With regards to Kaleidoscope, I’m not sure how long it’s going to end up being, but at the moment I want the scenes to be roughly of the same length, pivoting around a long middle scene. By coincidence, flicking through Cloud Atlas today, I see that it uses a similar structure, except in the book’s case, it “mirrors” around its central segment to create a structural palindrome. I’m a huge nerd for structural trickery in narratives, perhaps because I’m not particularly good at conventional plotting and so like seeing what other models are out there. You might perhaps know that Cloud Atlas’ structure was one of the reasons it was considered “unfilmable”. Lesson to all ye non-believers: Hollywood does not believe that anything is unfilmable. Someone will always give it a crack, and in this case it was the Wachowski siblings. Here are two articles discussing how the book’s setup was adapted for the screen. I’ve not been able to read all of either of them due to spoilers but, from what I did manage to get, the comparison is pretty fascinating.

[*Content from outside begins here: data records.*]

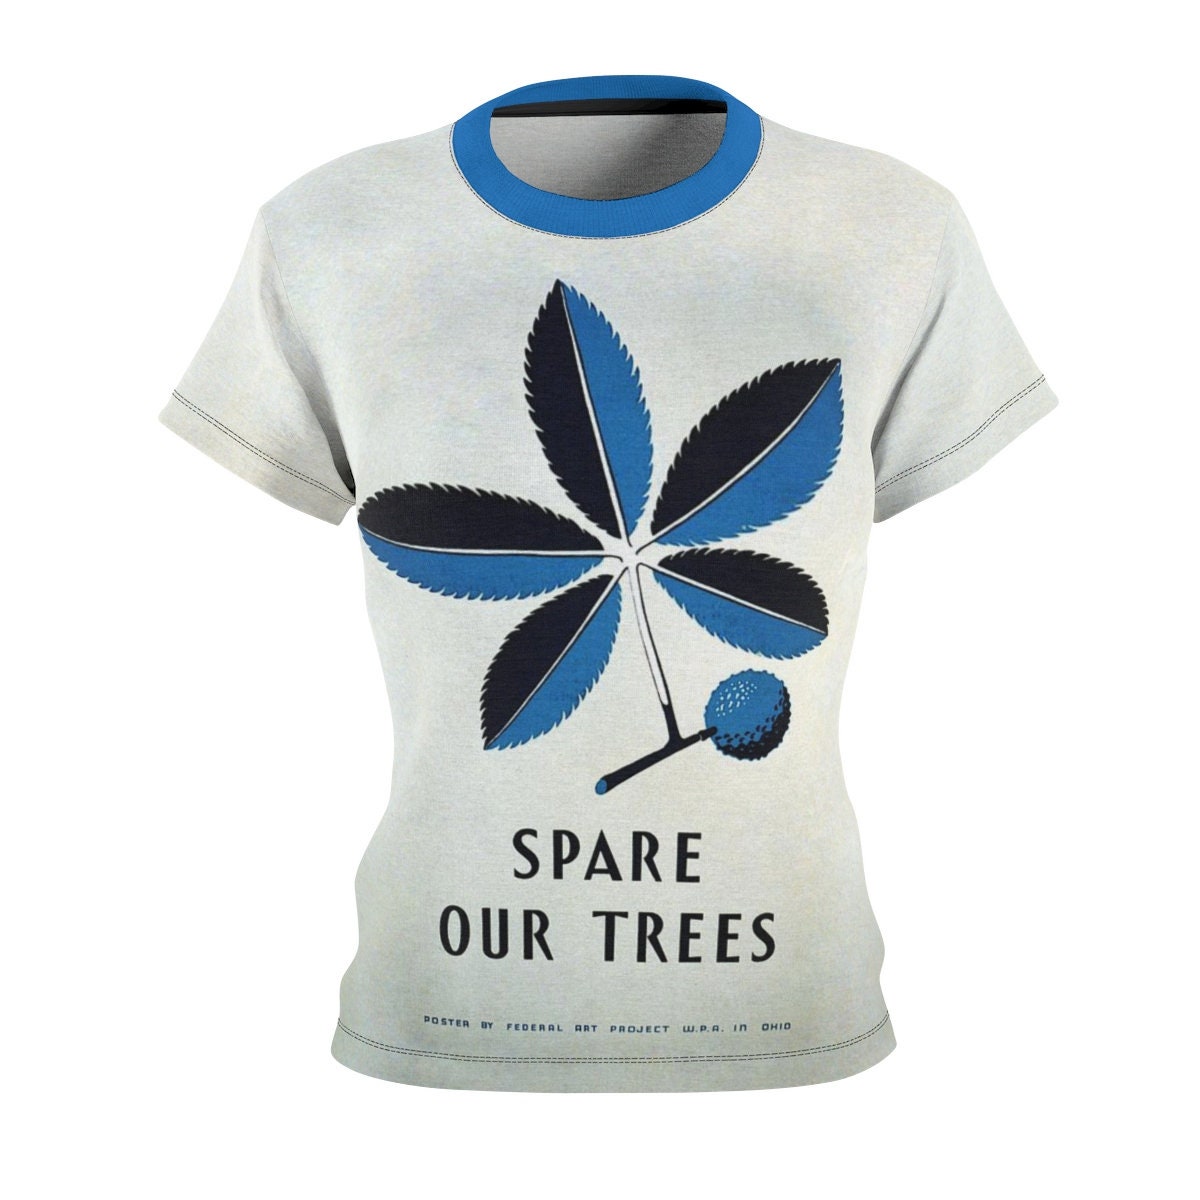 Tee Shirt /Spare Our Trees /Women /Environment /T-shirt /Tee /Shirt /Vintage /Art /WPA /Birthday Gift /Clothing /Gift for Her - Chloe Lambertin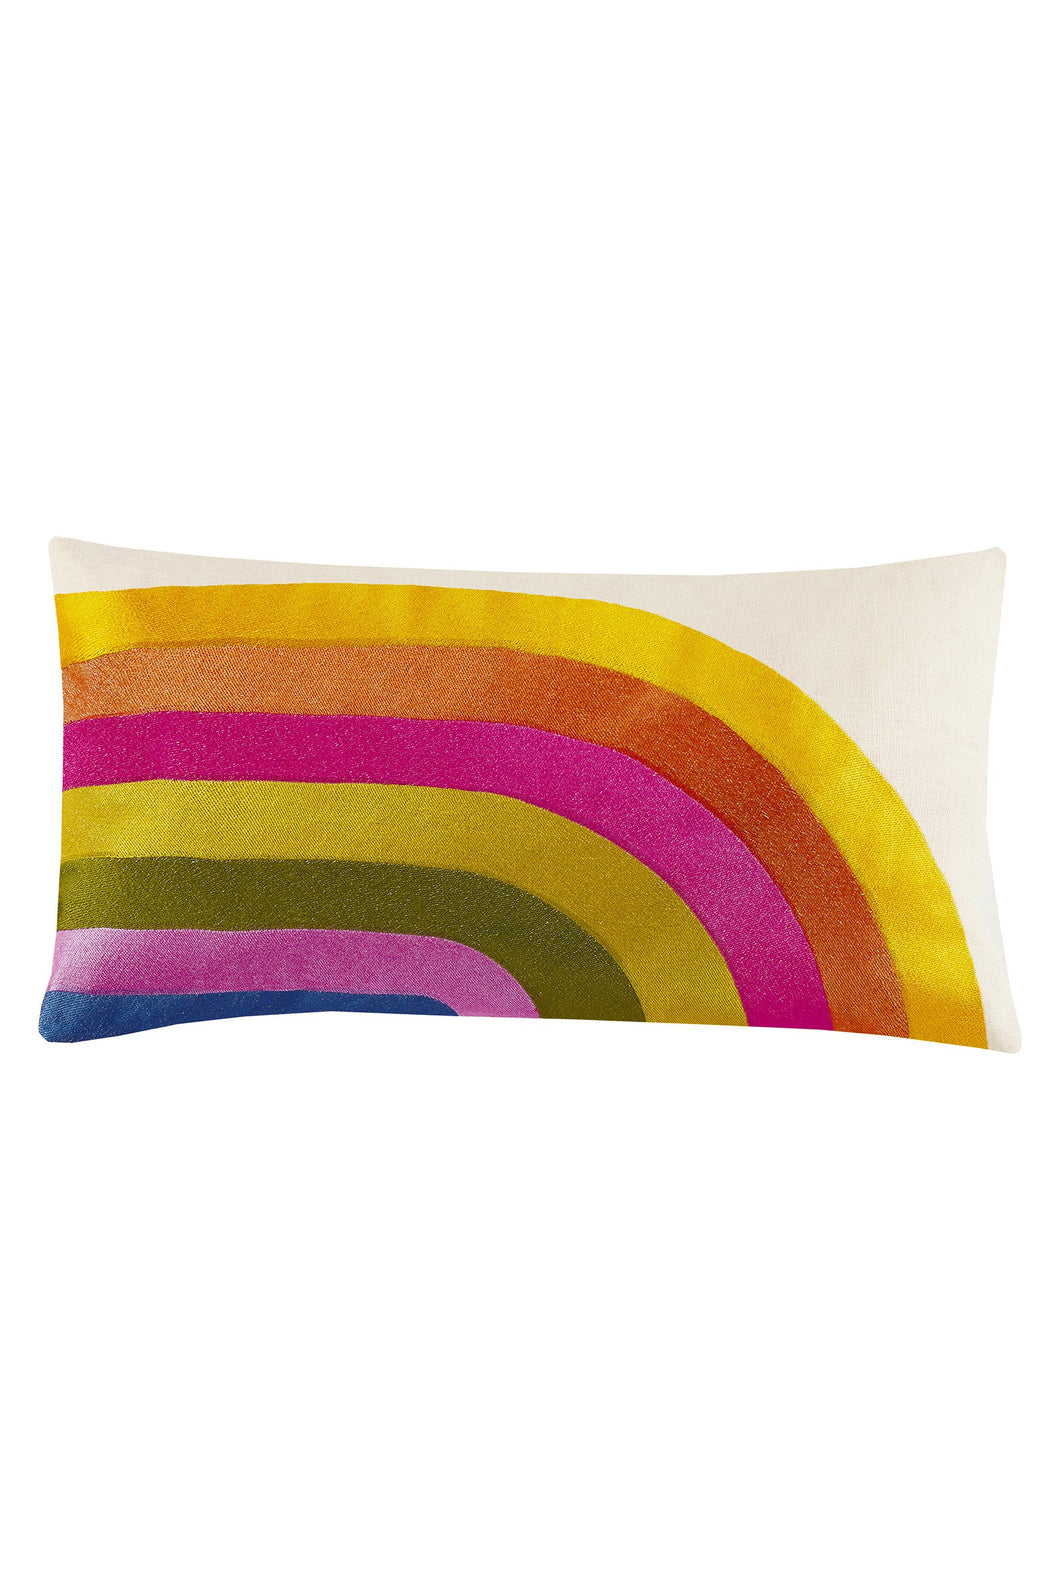 Trina Turk Calistoga Embroidered Pillow- Multi Color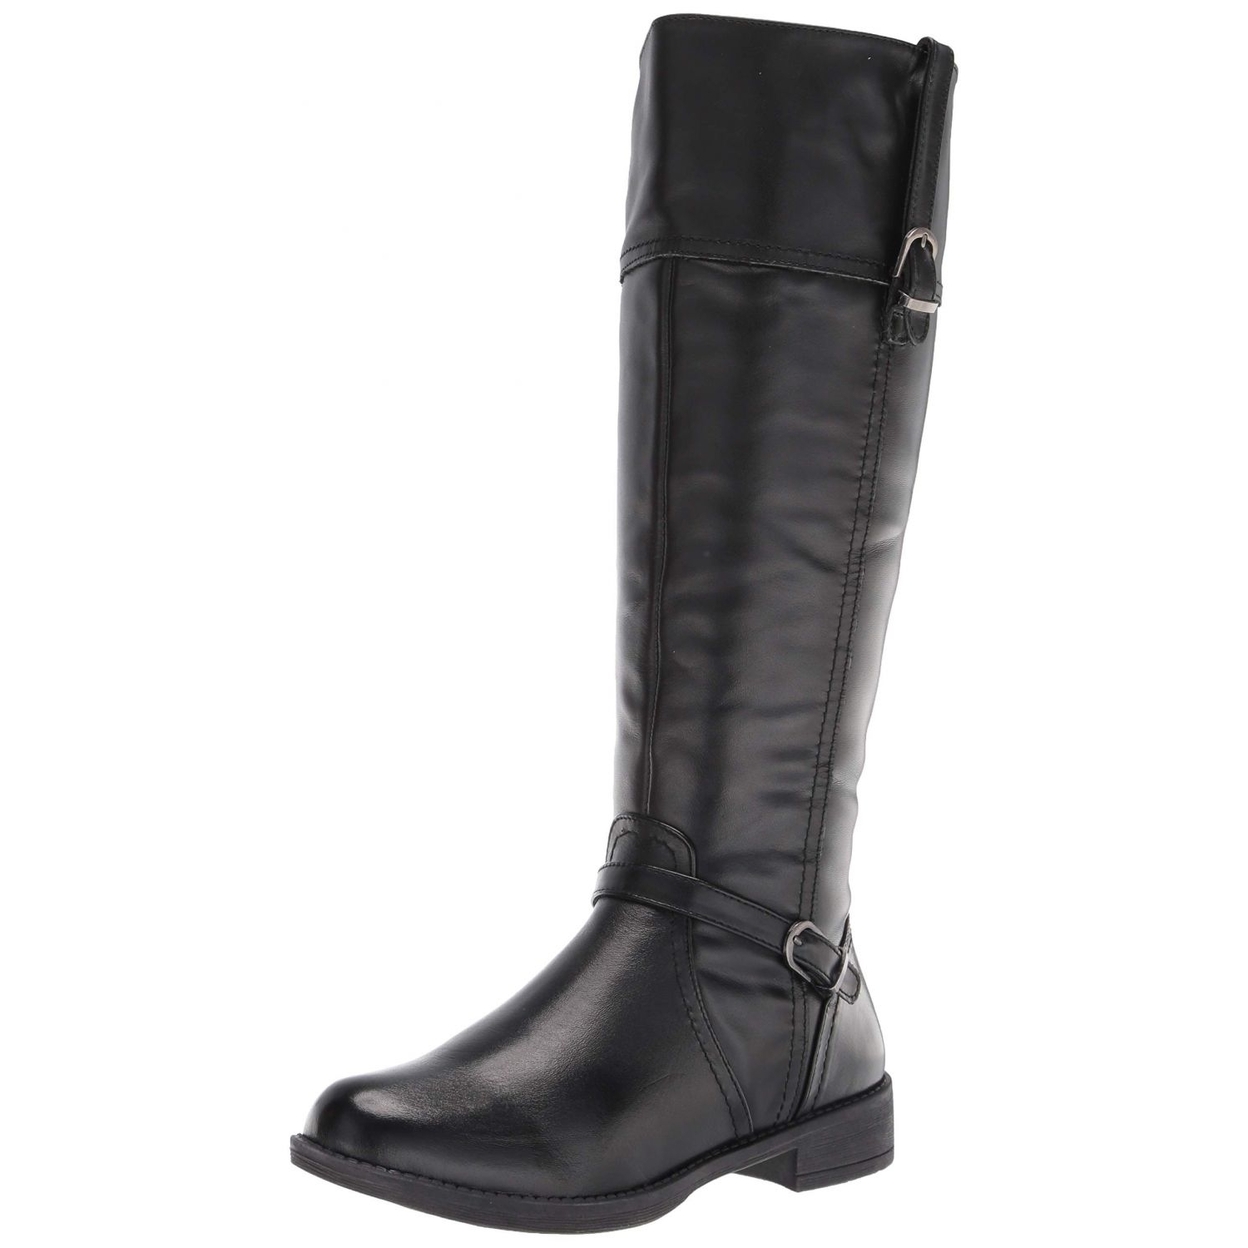 Propet Womens Tasha Zippered Casual Boots Knee High Low Heel 1-2 - Black BROWN - BROWN, 7.5 X-Wide

Anyway, with today’s reading I’m forty four pages in now, which is one of the eleven segments (five segments split in two, with one in the middle), and I’m hooked. Can’t wait to set a few hours to plough through it, rather than just snatching thirty minutes here and there, in between my application.

All of today’s Hot Workin’ Action occurred in the LSE library, that Temple of Concentration that I love to worship at, as long as it’s not too rammed. Today I found myself a new favourite spot on the Second Floor – nice bit of space to the side of the desk, and a window view (admittedly, of bricks, but a window nevertheless). Quiet, but not too bleak. The lack of internet access means that I mostly stick to one task and get lost in it in a way that I don’t elsewhere. Often, if I’m at home, I’ll try watching a show in one corner of my screen whilst working in another, and I think I’m killing two birds with one stone, but really I’m just doing both badly. There was none of those shenanigans today and my mind felt like one that belonged to a proper person, not some distraction monkey.